*RECORDS PROVIDED:*
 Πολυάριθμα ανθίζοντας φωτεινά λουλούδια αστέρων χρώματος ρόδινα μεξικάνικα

--

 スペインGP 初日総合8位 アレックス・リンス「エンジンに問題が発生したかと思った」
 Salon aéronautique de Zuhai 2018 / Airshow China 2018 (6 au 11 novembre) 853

...

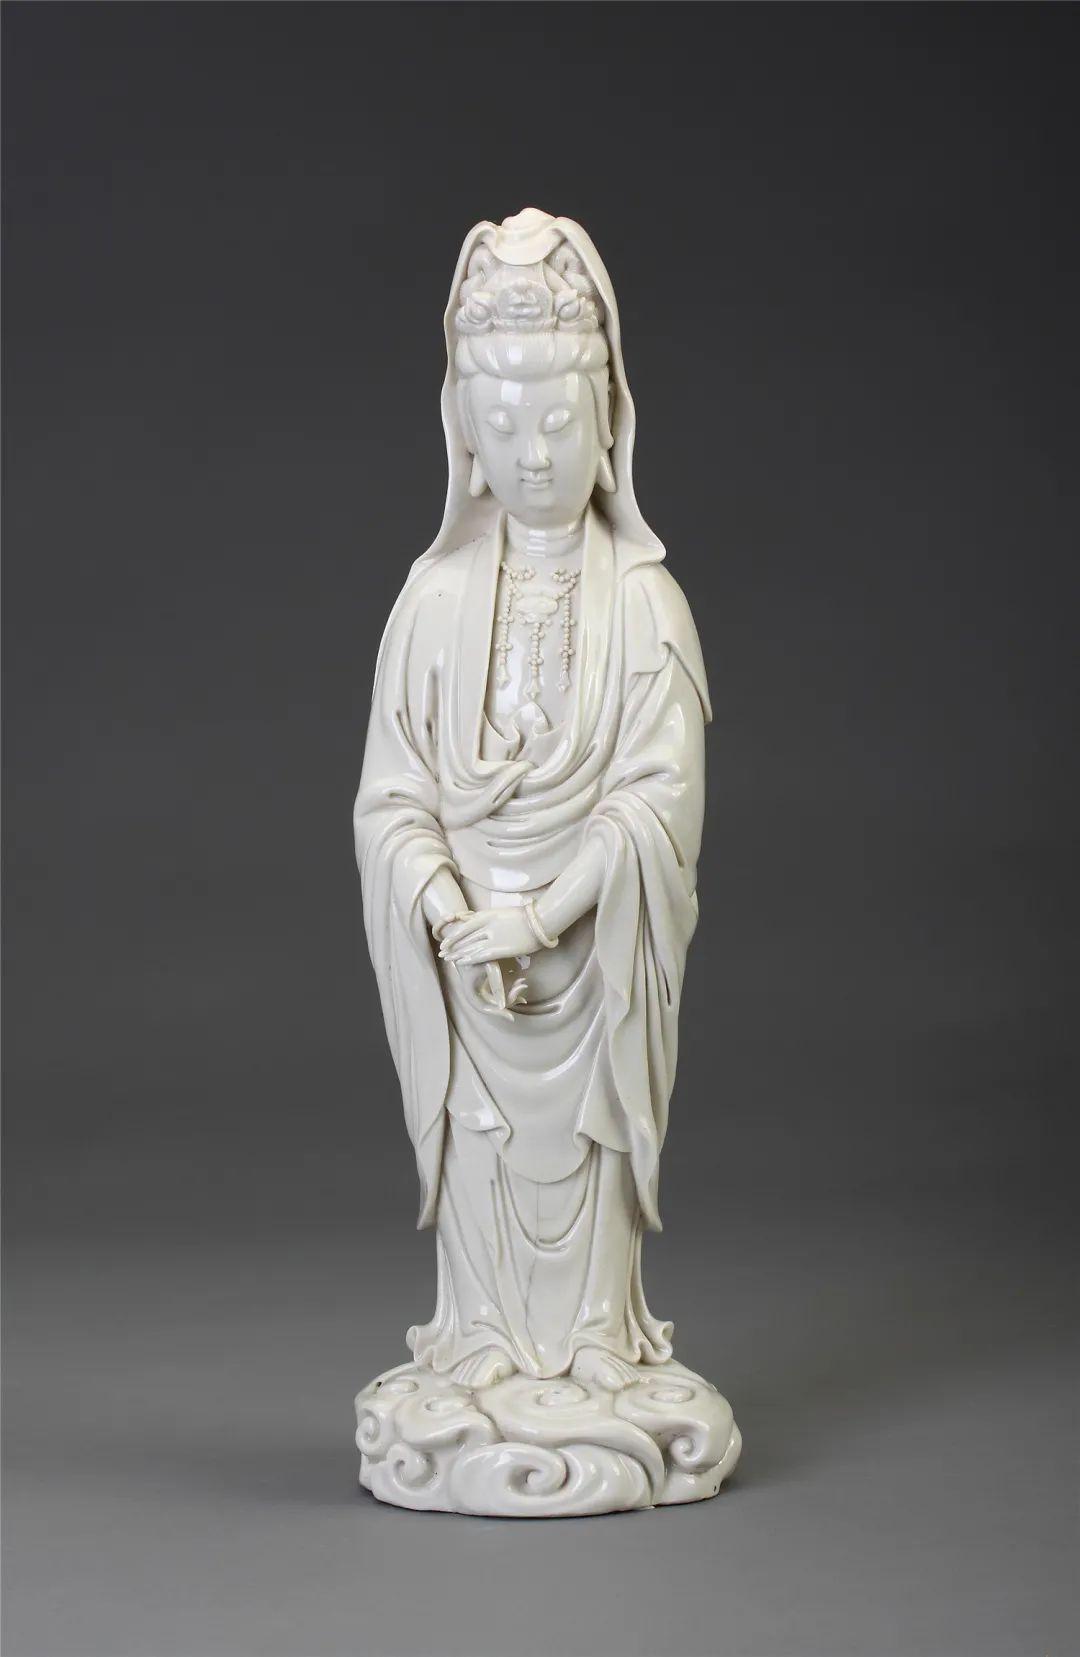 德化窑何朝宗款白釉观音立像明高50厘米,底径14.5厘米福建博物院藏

*ABOUT THIS EXERCISE:* Beginning with the line holding "スペインGP 初日総合8位 アレックス・リンス「エンジンに問題が発生したかと思った」" and ending with the line holding "Salon aéronautique de", write out the stretch of material above exactly; add no further lines.

*ANSWER TO THIS TASK:*
 スペインGP 初日総合8位 アレックス・リンス「エンジンに問題が発生したかと思った」
 Salon aéronautique de Zuhai 2018 / Airshow China 2018 (6 au 11 novembre) 853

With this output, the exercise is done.